Here are a few ideas on how you could extend your app, but there are many other possibilities as well. Be creative!

  • Continuously show the shortest path from the source node to whatever node is under the user’s finger as it pans around the screen.

  • Make the pan gesture “snappy” in that the arrow overlay starts at the center of the node closest to the initial touch location and ends in the center of the node closest to the current touch location. It may make sense to only snap to a node if the touch is within a certain distance of it.

  • At a gesture to identify all nodes within \(k\) steps of a note touched on. Make \(k\) configurable by the user.

  • Add functionality to find the shortest path from a starting node to every other node in the graph. This is a minimal spanning tree rooted at the source.
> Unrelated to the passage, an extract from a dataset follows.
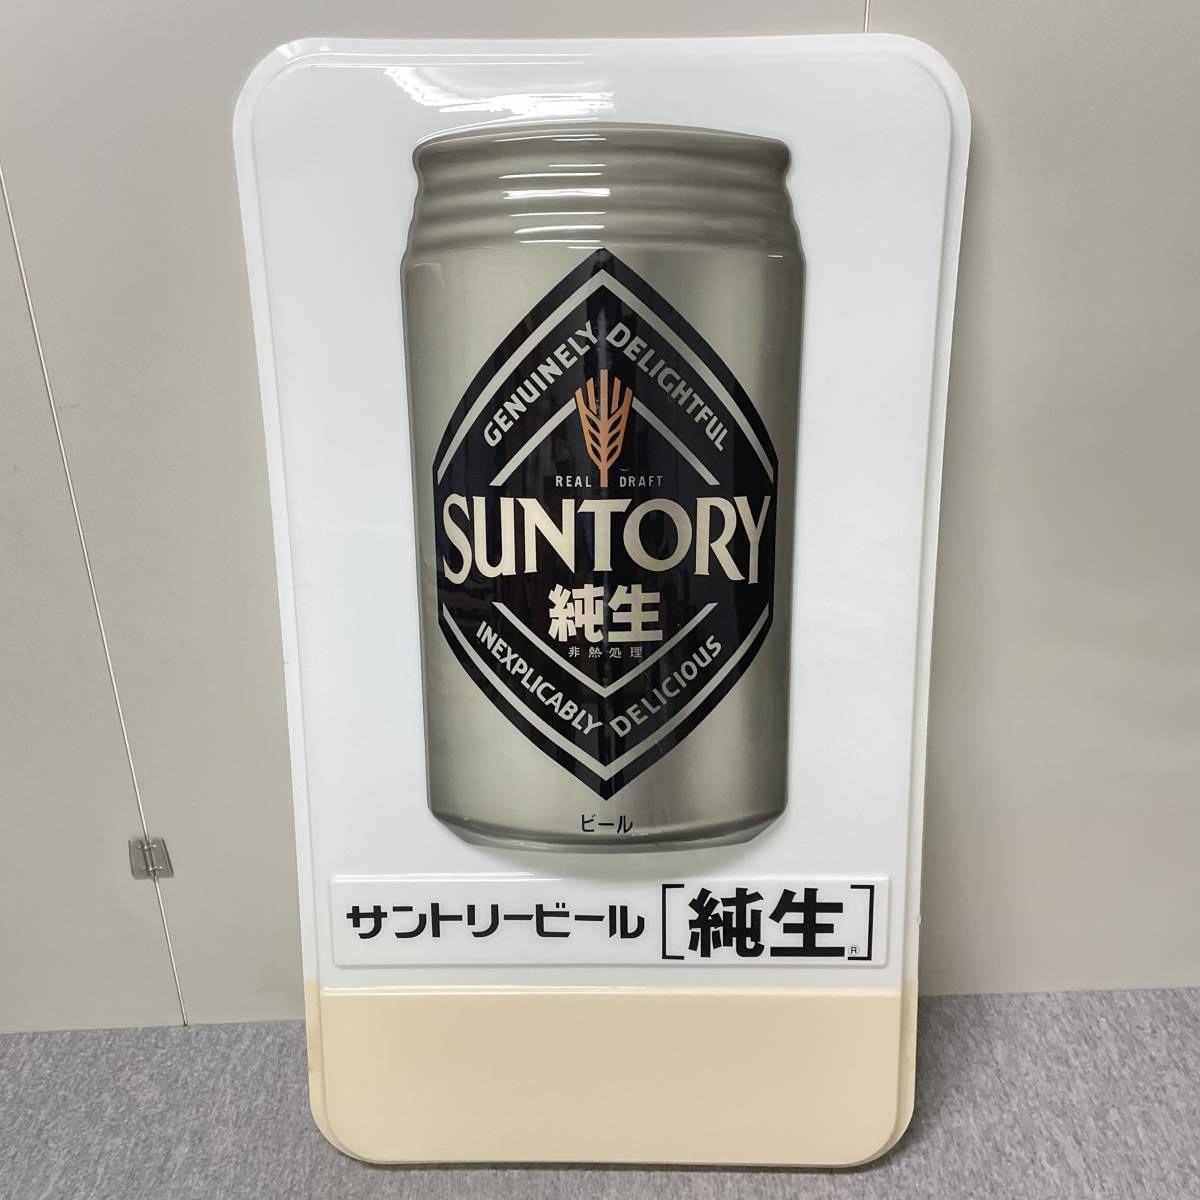 4p842 看板 サントリー ビール 純生 生 SUNTORY 昭和 レトロ

Include a new gesture to trigger this feature.

  • Enable the user to add new nodes and edges to the graph after it has been loaded.

  • There were three places where we could not leverage code from earlier labs without introducing some degree of code duplication: the test driver, the DrawableGraph, and the controller. We’ve already addressed the DrawableGraph. Revisit the other parts and try to provide more extensible designs to avoid some of the code duplication problems we encountered.